Cheap inverter generators produce almost as near as good pure sine wave, they use a pair of toroidal inductors to do it however this design doesn't scale very well, where the design in the video scales significantly better, however it just looks to employ a massive DC boost converter and then chops up that HV that is also tanked in the 2 larger caps at the bottom. Units that have a lot of steps that employ a similar output inverter that gets a perfect pure sine wave also do this because it eliminates the need for a massive transformer to smoothen the output thus it scales about endlessly, you commonly see such designs in massive online datacenter UPS units and of course this is considerably more expensive. You can get a very good sine wave out of an APC SmartUPS too however this design uses a large heavy transformer for the output (and runs in reverse to charge the batteries).
In addition to that the cheaper ways of generating perfect AC sinewaves with a good amount of usable power require a HV bipolar DC input or an AC input to generate the said bipolar supply, such as from a generator stator. The DC-DC converters to generate those supplies from 12V would also be cost prohibitive.

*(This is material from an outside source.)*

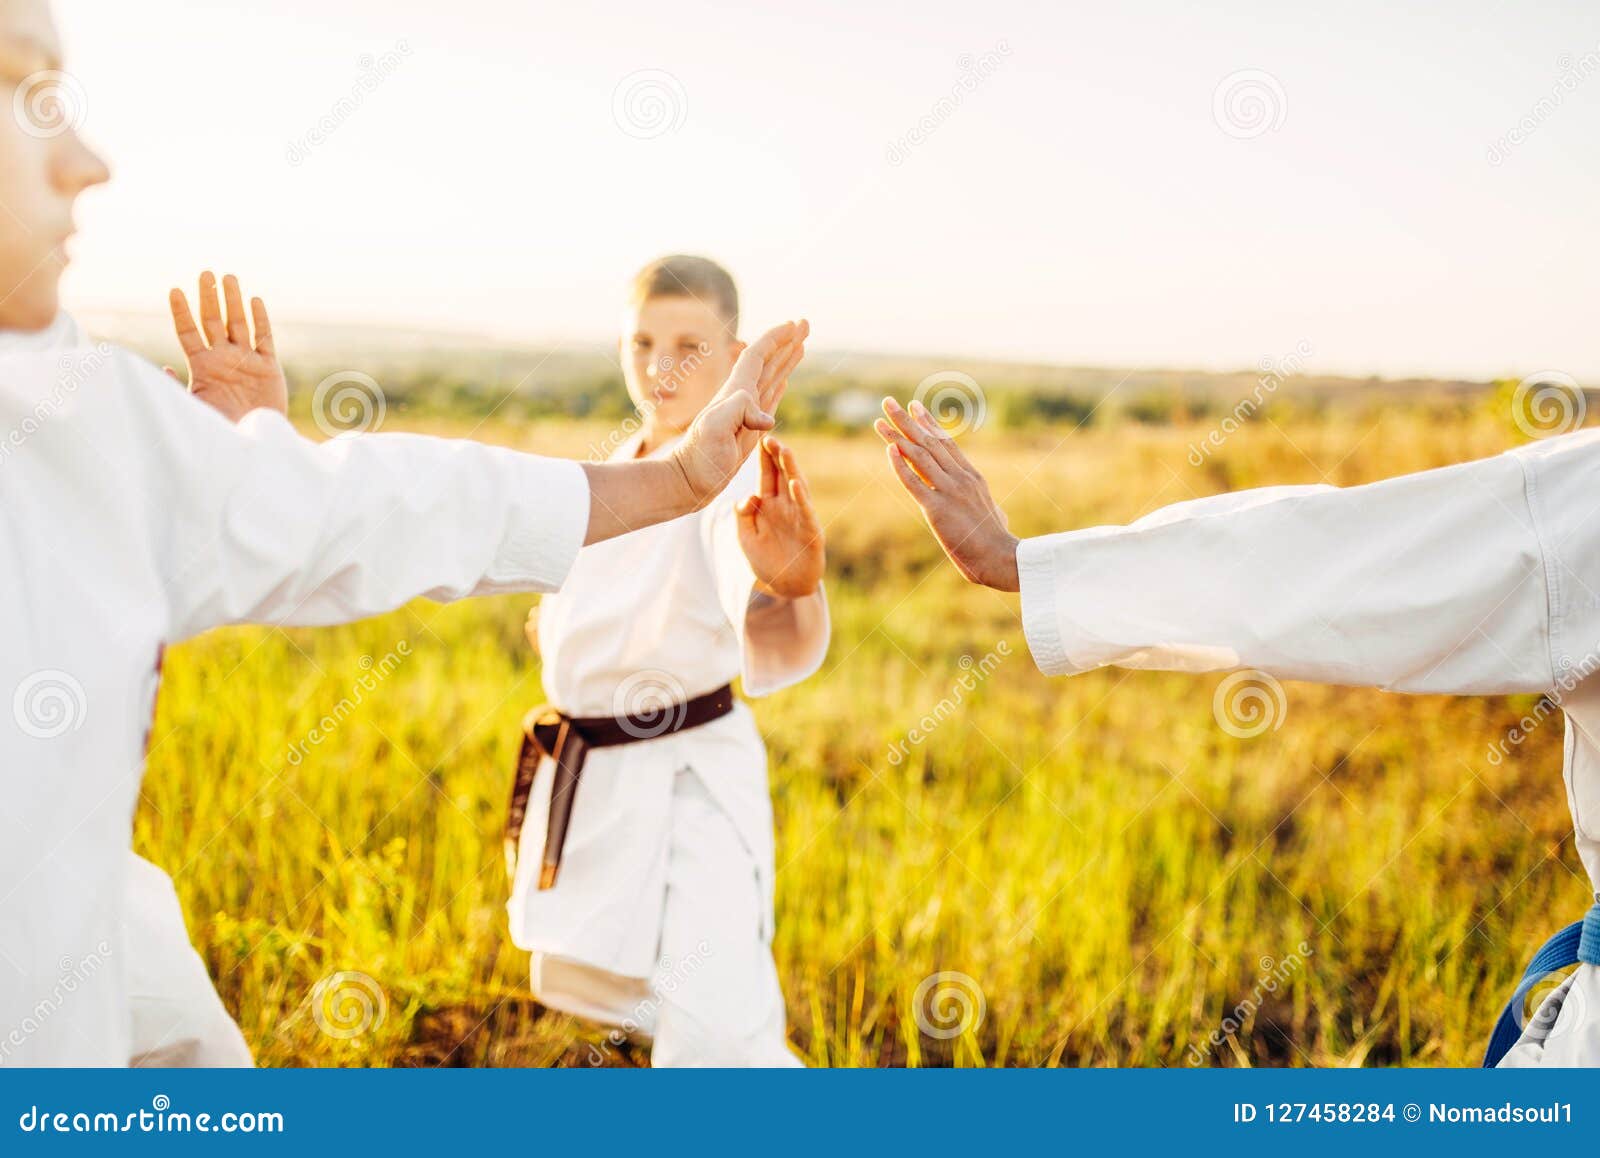 Junior Karate Team with Instructor on Training Stock Photo - Image of

There's a skookum choochin invertar laying on the shelf at work, bigger maybe than the unit he tore a part but only 300 watts. Was wired up with 4ga fine strand, Anderson connectors and proper fusing. defiantly I would chuck it north to see it tore apart for tits and pickles. cant recall the name but white body blue print all METAL and cert output sign off when packed.
You got that right...back in 1980, I worked for a made-in-USA company that had to build some equipment to operate in Saudi Arabia, which at that time used 50 hertz, the equipment had induction motors among some 'newfangled' microprocessors (4004) running from an antique transformer type power supply... We shared Mfg. shop with a high end audio amplifier company....so we used a signal generator and a 5KW amplifier to run the equipment...worked out fine.... More recently, in 2010....my last employer had a very expensive high end Motorhome with a 2.5KW inverter...about 3 times the size of this, was also a battery charger running from 120 VAC 'shore power' to charge 2 BIG AGM batteries at 12 volts, 150 amps...it had a 2.5KVA power transformer with 120 output for the motorhome 120 VAC receptacles... The big transformer was used for both inverter and battery charging.....several very large heat sinks and banks of Mos-Fets...I don't recall the name of Manufacturer, but it was very expensive, something like $5,000....
I've got an old Elgar UPS that uses a 16-level sine wave approximation. By the time the pixies come out of the massive transformer in the center of the beast, they behave like a real sine wave. It's rated at 1.4KVA and lifting it will pop those hernia stitches.
Do you have a recommended inverter that is robust, but wont break the bank and has a clean output? Im wanting to install one that could handle a small pancake compressor in the truck, or handle a skill saw and such connected to it.
I typically turn motion stabilization off on the camera when using it on a tripod.. But that won't fix the problem of the new space being uncomfortably clean!